Подали отварных кефалей с польским соусом. Самойленко положил обоим нахлебникам по целой кефали, и собственноручно полил соусом. Минуты две прошли и молчании.
— Женщина играет существенную роль в жизни каждого человека, — сказал дьякон. — Ничего не поделаешь.
— Да, но в какой степени? У каждого из нас женщина есть мать, сестра, жена, друг, у Лаевского же она — всё, и притом только любовница. Она, то есть сожительство с ней — счастье и цель его жизни; он весел, грустен, скучен, разочарован — от женщины; жизнь опостылела — женщина виновата; загорелась заря новой жизни, нашлись идеалы — и тут ищи женщину… Удовлетворяют его только те сочинения или картины, где есть женщина. Наш век, по его мнению, плох и хуже сороковых и шестидесятых годов только потому, что мы не умеем до самозабвения отдаваться любовному экстазу и страсти. У этих сладострастников, должно быть, в мозгу есть особый нарост вроде саркомы, который сдавил мозг и управляет всею психикой. Понаблюдайте-ка Лаевского, когда он сидит где-нибудь в обществе. Вы заметьте: когда при нем поднимаешь какой-нибудь общий вопрос, например о клеточке или инстинкте, он сидит в стороне, молчит и не слушает; вид у него томный, разочарованный, ничто для него не интересно, всё пошло и ничтожно, но как только вы заговорили о самках и самцах, о том, например, что у пауков самка после оплодотворения съедает самца, — глаза у него загораются любопытством, лицо проясняется и человек оживает, одним словом. Все его мысли, как бы благородны, возвышенны или безразличны они ни были, имеют всегда одну и ту же точку общего схода.
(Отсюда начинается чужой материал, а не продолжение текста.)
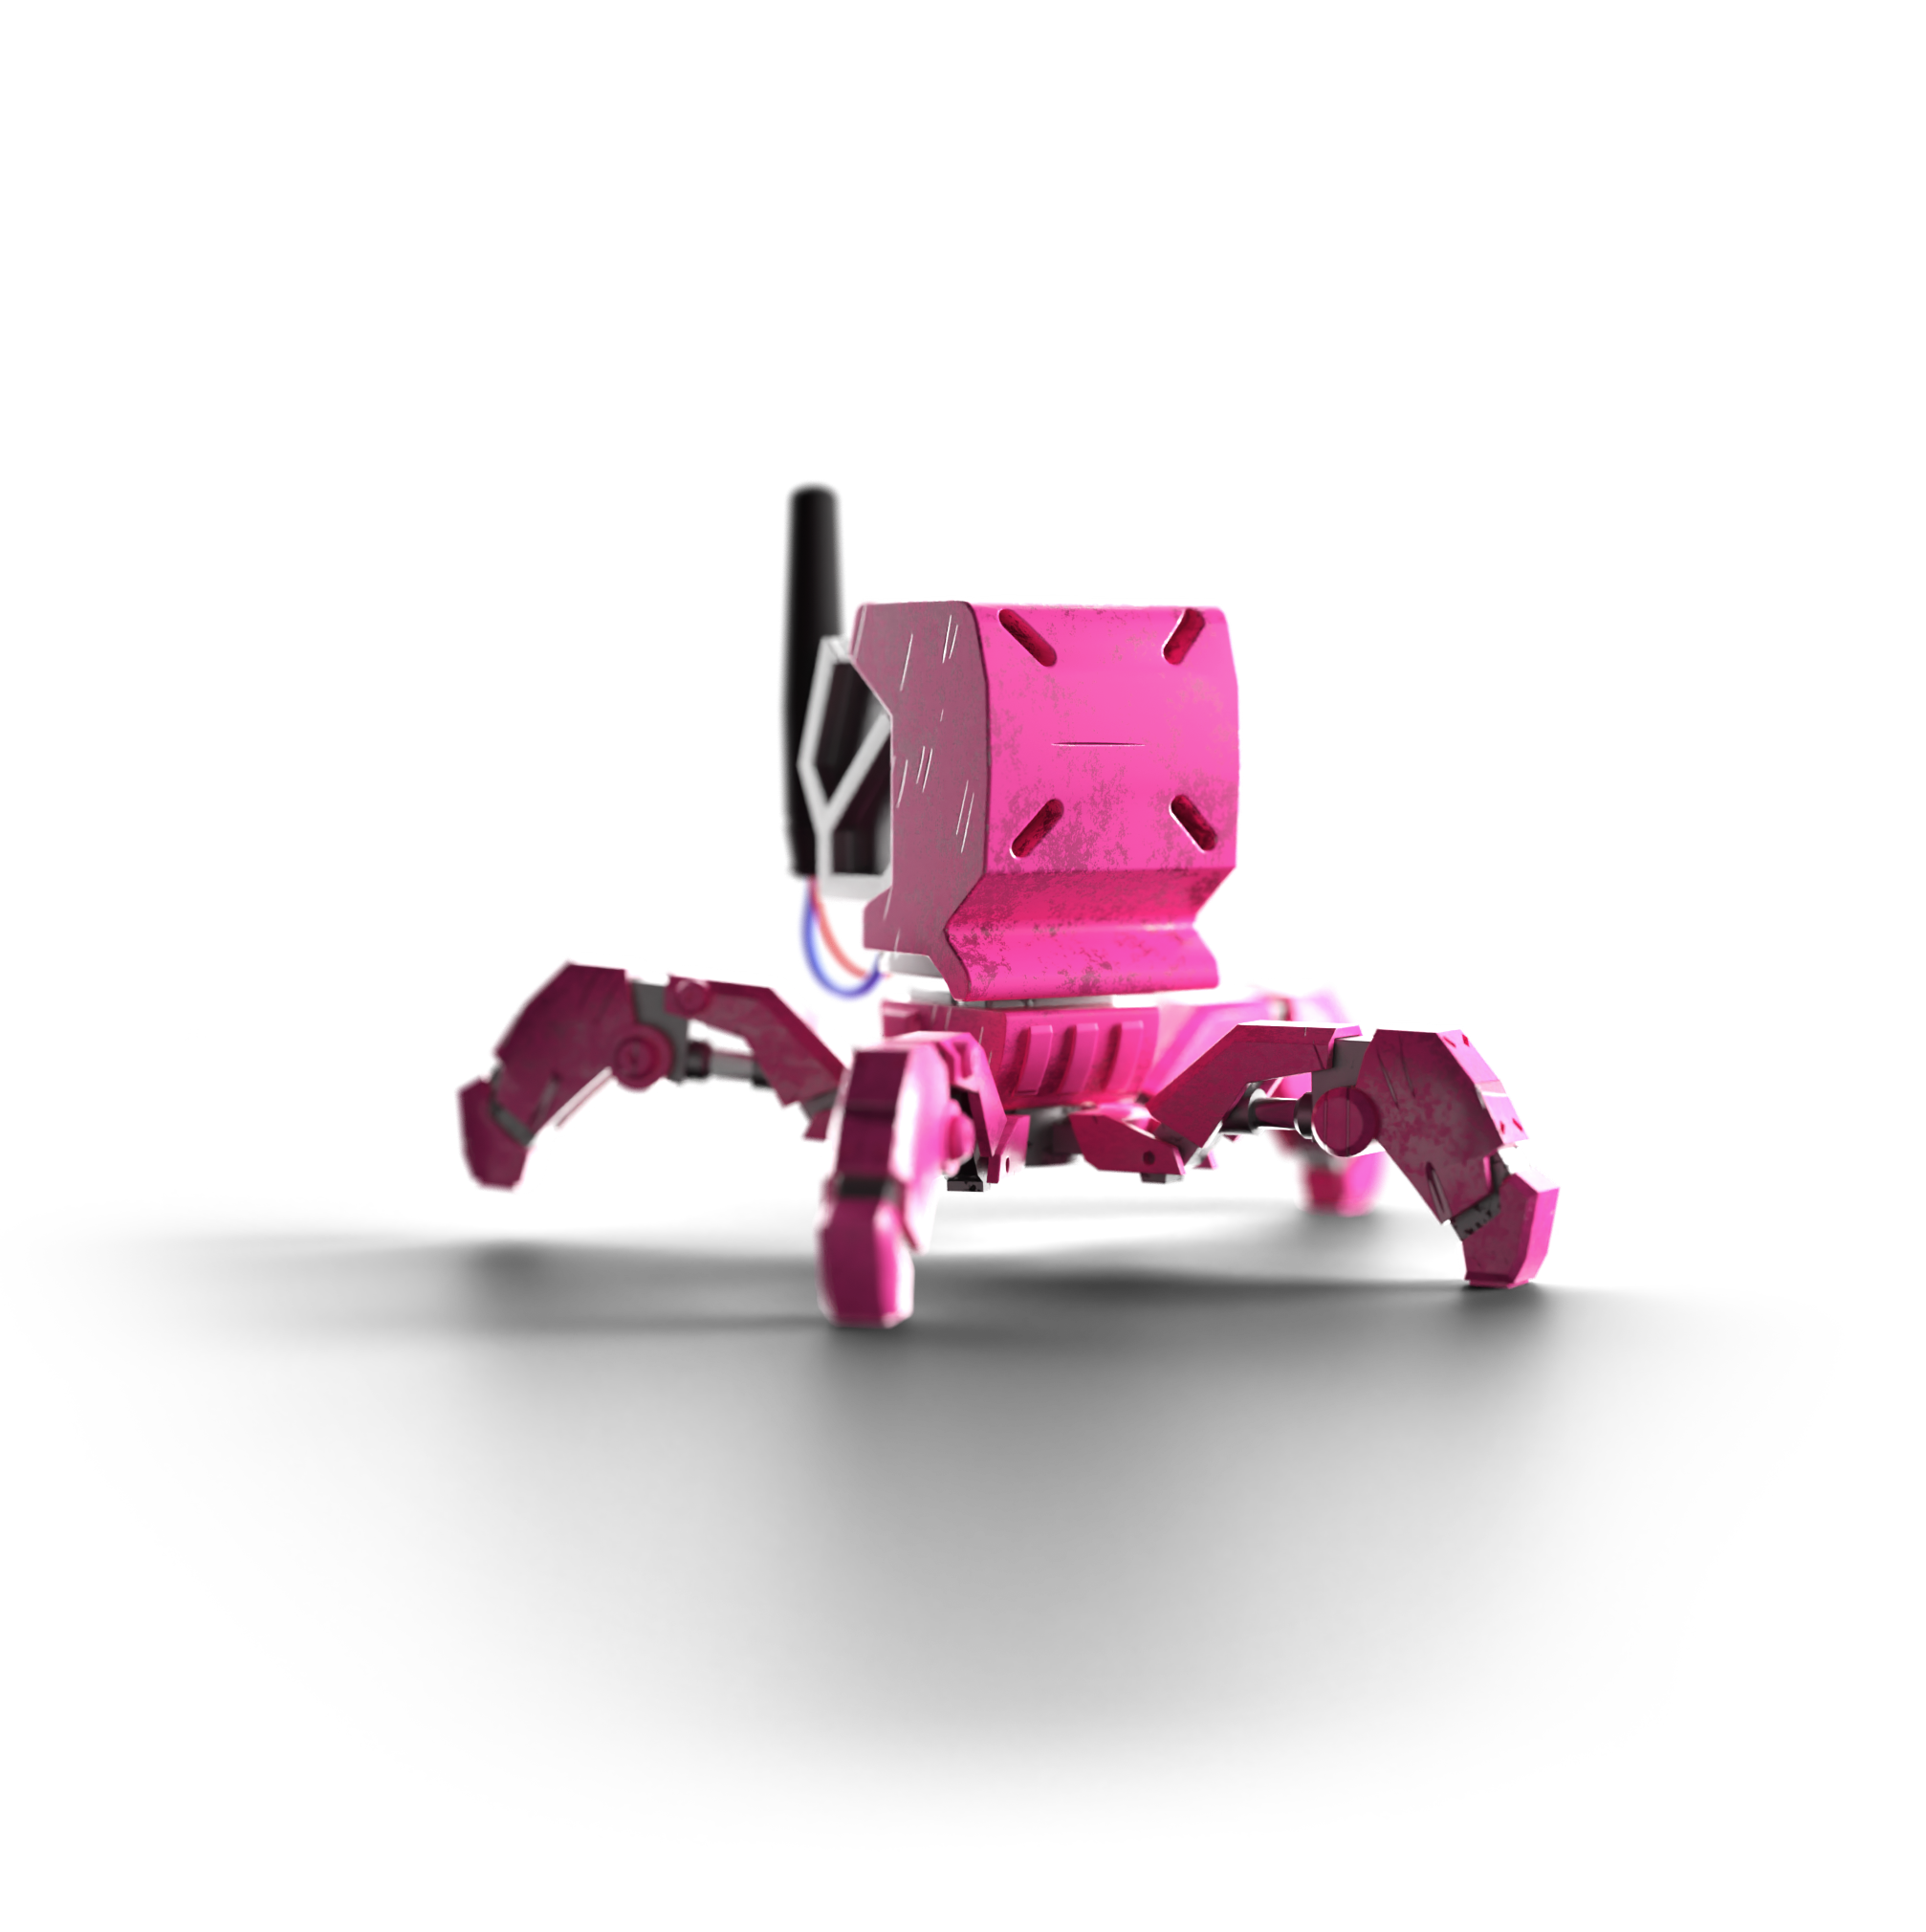 LittleBot_04-cropped-1
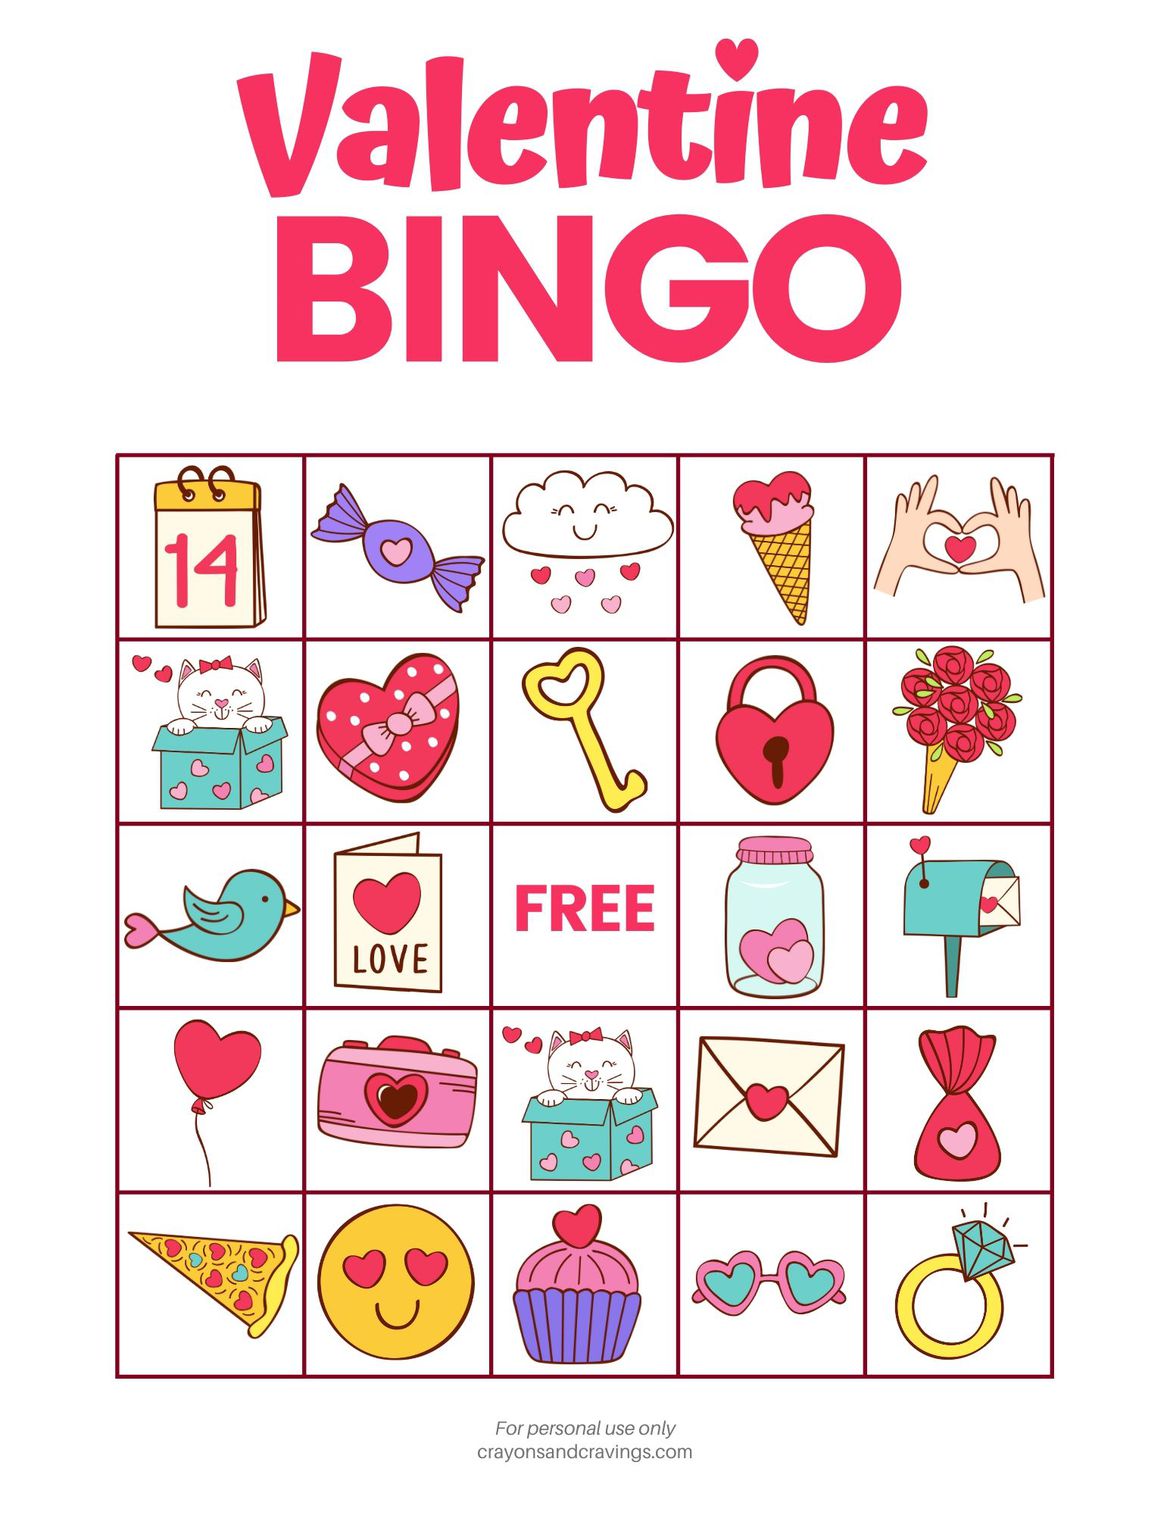 Valentine Bingo Free Printable Valentine S Day Game With 10 Cards

Идешь с ним по улице и встречаешь, например, осла… — «Скажите, пожалуйста, — спрашивает, — что произойдет, если случить ослицу с верблюдом?» А сны! Он рассказывал вам свои сны? Это великолепно! То ему снится, что его женят на луне, то будто зовут его в полицию и приказывают ему там, чтобы он жил с гитарой…
Дьякон звонко захохотал; Самойленко нахмурился и сердито сморщил лицо, чтобы не засмеяться, но не удержался и захохотал.
— И всё врет! — сказал он, вытирая слезы. — Ей-богу, врет!
IV
Дьякон был очень смешлив и смеялся от каждого пустяка до колотья в боку, до упада. Казалось, что он любил бывать среди людей только потому, что у них есть смешные стороны и что им можно давать смешные прозвища. Самойленка он прозвал тарантулом, его денщика селезнем и был в восторге, когда однажды фон Корен обозвал Лаевского и Надежду Федоровну макаками. Он жадно всматривался в лица, слушал не мигая, и видно было, как глаза его наполнялись смехом и как напрягалось лицо в ожидании, когда можно будет дать себе волю и покатиться со смеху.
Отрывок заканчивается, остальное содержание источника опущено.